What we know so far is that:

  • On October 17, a bunch of prominent reporters and Twitter personalities got a weird email, supposedly from a woman named “Lorraine,” who claimed that someone working for Jack Burkman had offered to pay her to make accusations of sexual misconduct against Mueller. However, no one has yet been able to verify her identity or that she even exists (and indeed, Burkman now claims that she “doesn’t exist”). The email may well be total bullshit.
  • In any case, some recipients of this email got “Lorraine” to provide the info of the man who supposedly contacted her. They got in touch with him and were each told they were “in over your head” and to “drop” the matter. One says he then got a phone call from a man who identified himself as working for “Surefire Intelligence.”
  • Around this time, Jack Burkman said on social media that he was trying to get women with allegations about Mueller to come forward. Jacob Wohl, meanwhile, claimed on Twitter to have heard a rumor that something like this would soon happen.
  • On October 22, law professor Jennifer Taub got an email from someone with a Surefire Intelligence account, asking her about her “past encounters with Robert Mueller” and offering to “compensate” her for a phone call. Taub told the Atlantic that she’s never met Mueller, that she didn’t respond to the email, and that she forwarded the email to Mueller’s office.
  • Finally, last night, Wohl tweeted: “Several media sources tell me that a scandalous story about Mueller is breaking tomorrow. Should be interesting. Stay tuned!” Various journalists who received the “Lorraine” email then started tweeting about it, and opining that it was shady and unconvincing.

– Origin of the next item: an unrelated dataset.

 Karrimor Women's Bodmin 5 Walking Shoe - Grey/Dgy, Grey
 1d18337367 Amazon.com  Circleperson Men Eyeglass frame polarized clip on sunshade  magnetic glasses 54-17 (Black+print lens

This was an embarrassingly thin scam

This caused the whole matter to spill out into public, and internet sleuths began to dig into Surefire Intelligence, the supposed private intelligence company investigating these allegations.

Wohl was publicly cagey about his involvement in Surefire or the plot generally. But Burkman freely told Hill Reporter that “Surefire is a real company” run by “Jacob Wohl.” And after journalists and online researchers got to work, it started to look like Surefire was … Jacob Wohl, and only Jacob Wohl.

So, it looks like Surefire is essentially Better Call Saul’s Jimmy McGill doing a series of different voices over the phone to convince prosecutors that a whole church congregation supports his client. It is not clear if Burkman, who insisted Surefire was “real,” is also being tricked, or if he is a willing participant in this scam.

Nonetheless, on Tuesday afternoon, the far-right conspiracist website Gateway Pundit, for which Wohl writes, posted a heavily redacted document making a rape allegation against Mueller. The name of the document’s author was blacked out, but it used a slogan that was also on the Surefire website. Then, after much Twitter mockery, Gateway Pundit’s Jim Hoft took the document down and said he was “looking into” the “serious allegations against Jacob Wohl.”

Now, it’s in the FBI’s hands. “When we learned last week of allegations that women were offered money to make false claims about the Special Counsel, we immediately referred the matter to the FBI for investigation,” Mueller’s spokesperson said in a statement Tuesday.

If this is just trolling, then it sort of worked

Wohl may end up being the ultimate loser in this scenario, depending on what the FBI finds. But if the purpose of the scam was as much to troll journalists as to smear Mueller and the investigation, then in a way, he’s already won.

Yes, Mueller’s office commented on the allegations and “made news” by saying they’d referred the allegations to the FBI. Still, NBC News, the Atlantic, the Daily Beast, BuzzFeed News, the New York Times, and several other media outlets (including, now, Vox) wrote articles about this nonsense — if only to debunk Wohl’s claims. By doing so, they devoted scarce journalistic resources to this topic rather than others, just days before the midterm elections.

Burkman still claims that this Thursday he will reveal “the first” of Mueller’s victims at a press conference. If this is anything like his previous hyped press conferences, it will be a dud. But if on some level trolls just want to steal the spotlight and change the subject, then the plan succeeded.